All indicators state that this was a banner year. I cannot imagine they would go up much if at all.


----------



## The Honey Householder (Nov 14, 2008)

Still to early. Supplier not leaving the cat out of the bag yet.:scratch:


----------



## fish_stix (May 17, 2009)

With no Australian imports this year I think demand will be HIGH for packages and nucs and would expect higher prices. Already seeing higher nuc prices from some suppliers.


----------



## blueskybeesupply (Dec 11, 2007)

I think prices will be up about 10-15%. I hear the big suppliers are preparing handlers for an increase. As stated, they will be in high demand.


----------



## Skinner Apiaries (Sep 1, 2009)

Yea, I meant domestic pkgs; but on that note no aussie pkgs? How's supply for almonds
looking? New thread material?


----------



## soupcan (Jan 2, 2005)

Got a load of HFC 55 last week & was told record amouts of syrup being shipped this fall.
The reason is it seems that there is a lack of fall flow across most of the country & warm temps the girls are eating rather well.
Some parts of the country I am told it is almost to late to feed syrup.
I was also told many beeks have not had a look-see at there hives as to what is going on with this strange fall.
My thoughts are order early & prepay for your order.


----------



## camero7 (Sep 21, 2009)

Local retailer that sells Gardner/Spell bees is up about 15% here in New England.


----------



## soupcan (Jan 2, 2005)

Up 15%, on price or orders???


----------



## camero7 (Sep 21, 2009)

price


----------



## Beeslave (Feb 6, 2009)

$70.00-$75.00 for 3 lbs depending on qty.

I've heard some guys(reseller) offering package suppliers $60.00-$65.00 in 500+ 3 lbs package lots. 

One person was offered $60.00 ea(600+ order) plus new cages would be supplied by the buyer.

Hobbiest and BackYarder interest in honeybees is way up

Honey sales are up and so is the price being paid for good quality honey.


----------



## The Honey Householder (Nov 14, 2008)

Hay while were at it does anyone know what retail honey is going for next year. If I knew it was going to be this high this year I wouldn't have sold so many packages out this year.


----------



## Beeslave (Feb 6, 2009)

$8.50 for a 1 lb squeeze bottle

$17.00 for a qt jar.

Pails will be $2.50-$3.00 per lb depending on qty purchased.

Barrels $2.00 lb


----------



## The Honey Householder (Nov 14, 2008)

Thanks!:thumbsup: I'm calling tomorrow for another load. Maybe I can get a second load before May.


----------



## Beeslave (Feb 6, 2009)

http://www.beesource.com/forums/showthread.php?t=246549

I can make it a full load with 1 phone call. You need a good tax write off anyways.
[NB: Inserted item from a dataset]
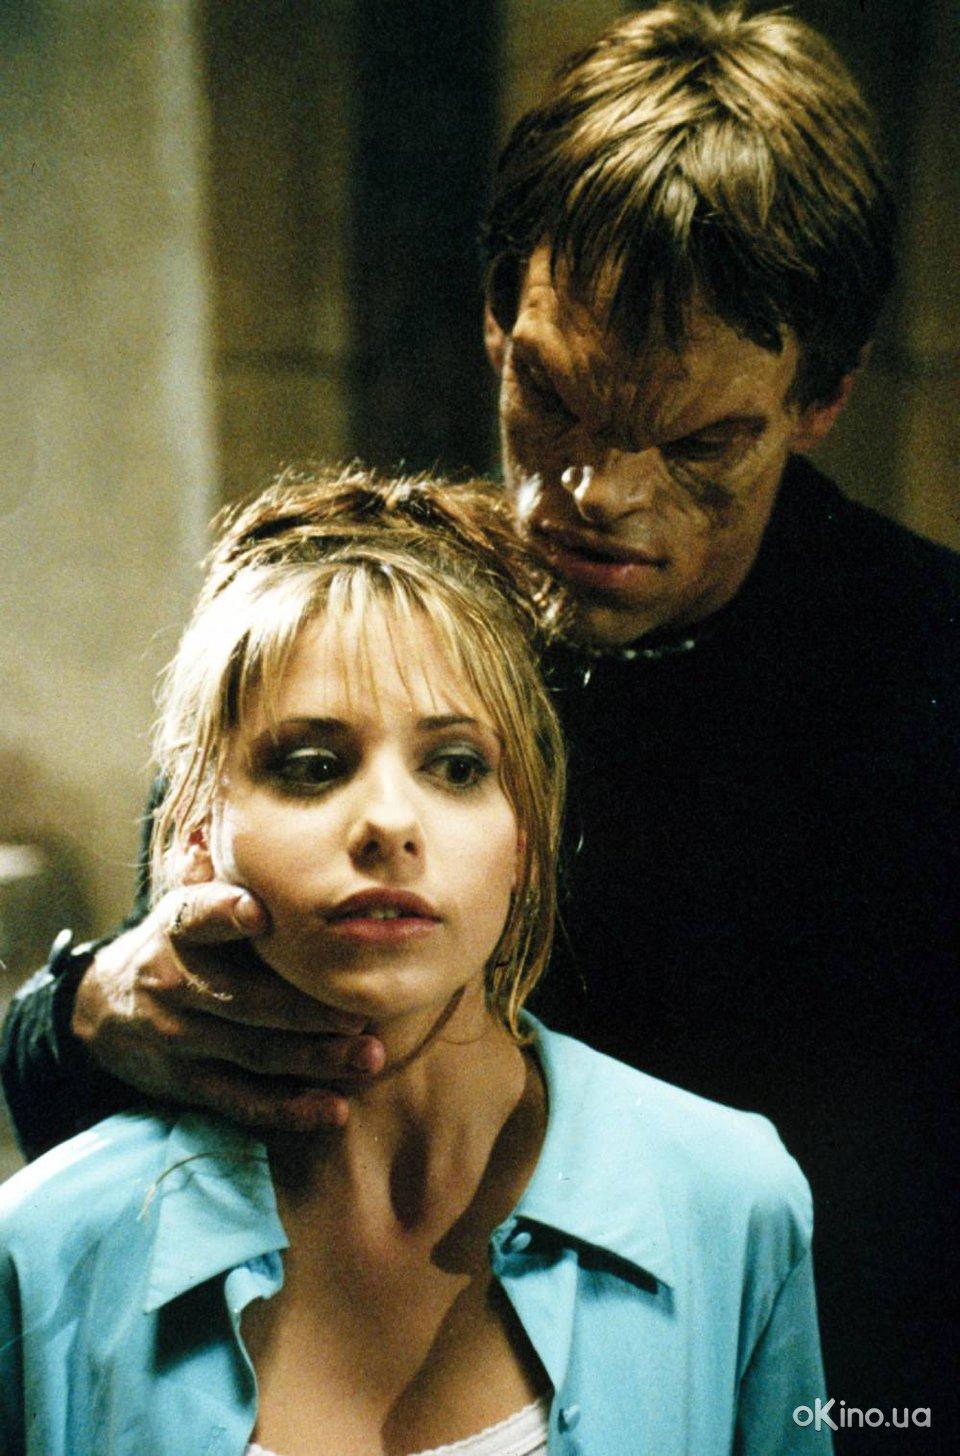 баффи-истребительница вампиров фильм смотреть онлайн

While you are up here I can put you in a nice yard truck(12' bed)


----------



## Sweet to the Soul (Sep 1, 2010)

The Honey Householder said:


> Thanks!:thumbsup: I'm calling tomorrow for another load. Maybe I can get a second load before May.


Hey leave some for me. They already told me you had raised your order.


----------



## ChristopherA (Jul 20, 2010)

Here in Virginia we are seeing prices of 3lb packages for around 86 dollars and nucs from 95 to 125 (some with equipment exchange).

A bit high in my opinion, however it is what it is.


----------